Assigned task: Repeat the data word for word and skip the pictures.

··· Collected data ···

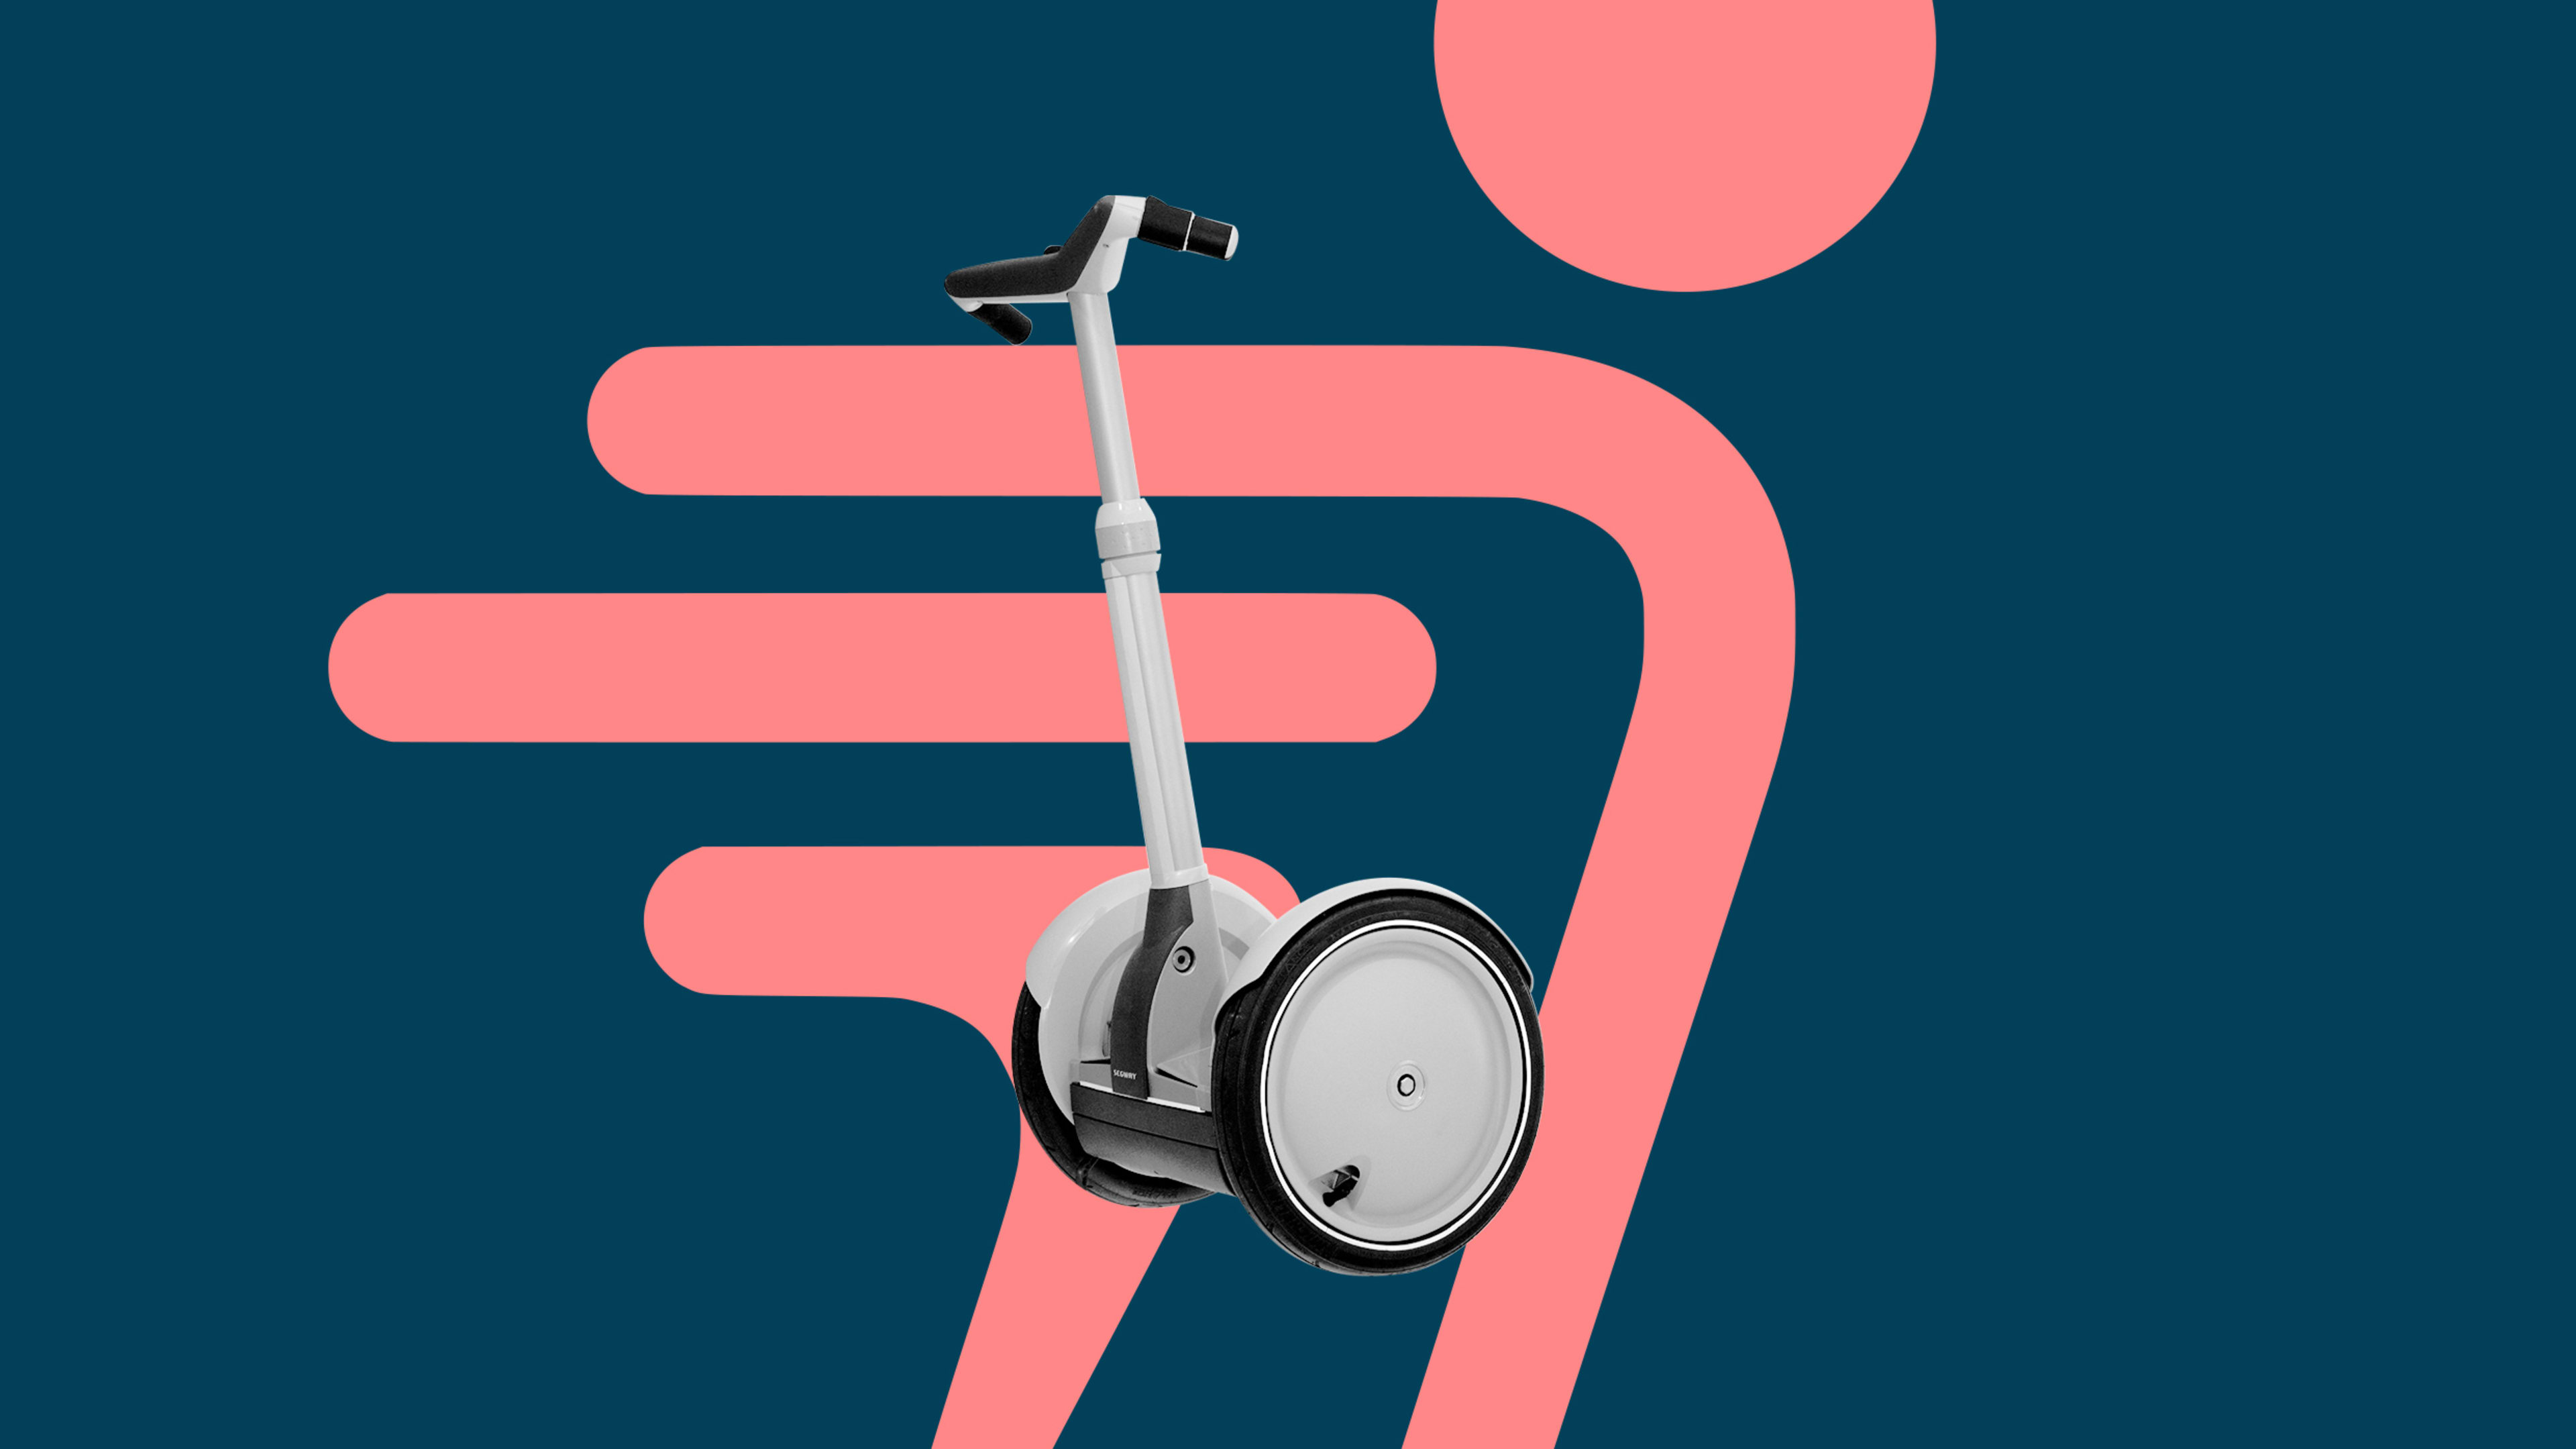 Exclusive: Segway, the most hyped invention since the Macintosh, ends production
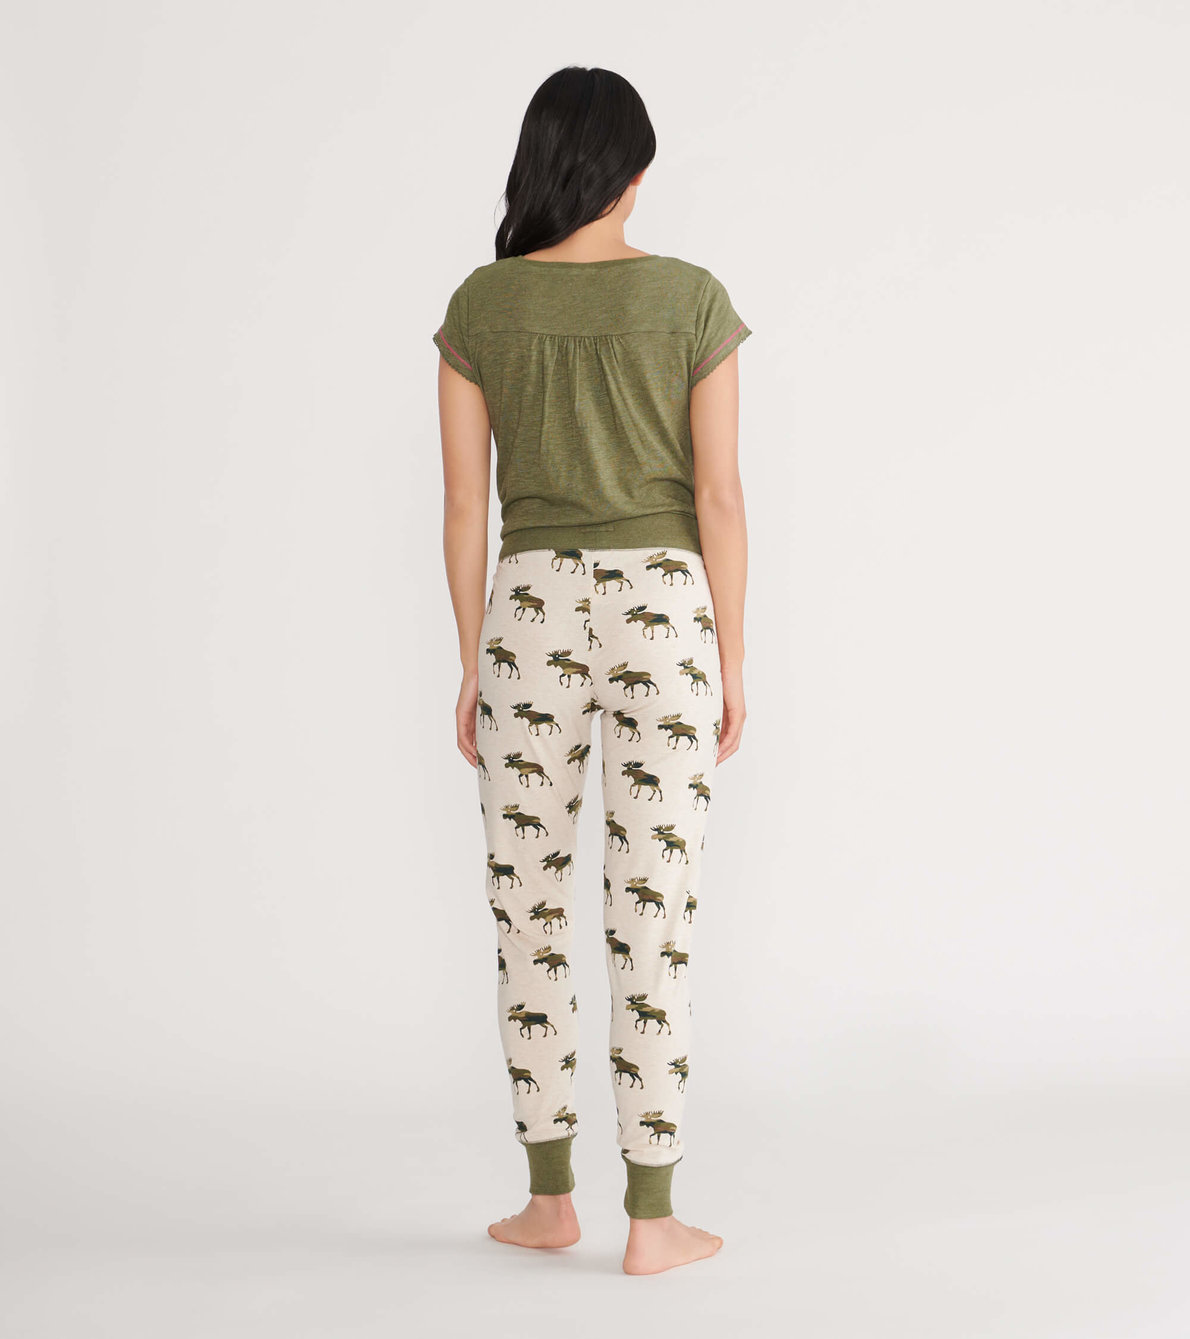 View larger image of Camooseflage Women's Tee and and Leggings Pajama Separates
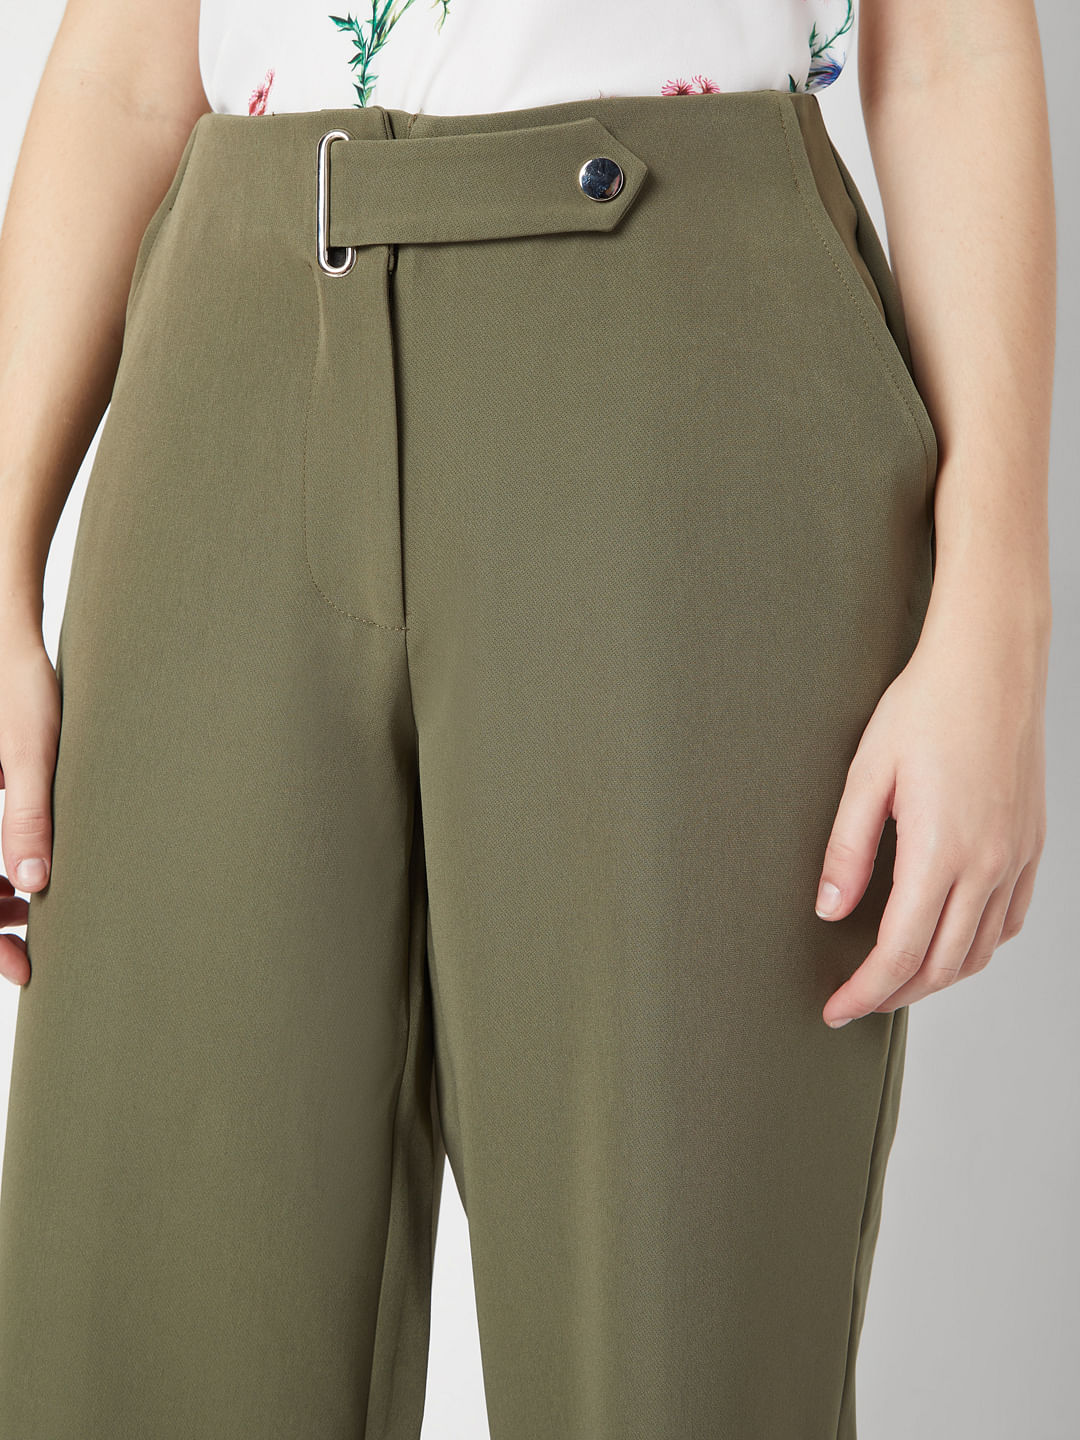 Forest Green Dress Pants  Green High Waisted Pants  Trousers  Lulus

···

Solution:
 Exclusive: Segway, the most hyped invention since the Macintosh, ends production
 View larger image of Camooseflage Women's Tee and and Leggings Pajama Separates
 Forest Green Dress Pants  Green High Waisted Pants  Trousers  Lulus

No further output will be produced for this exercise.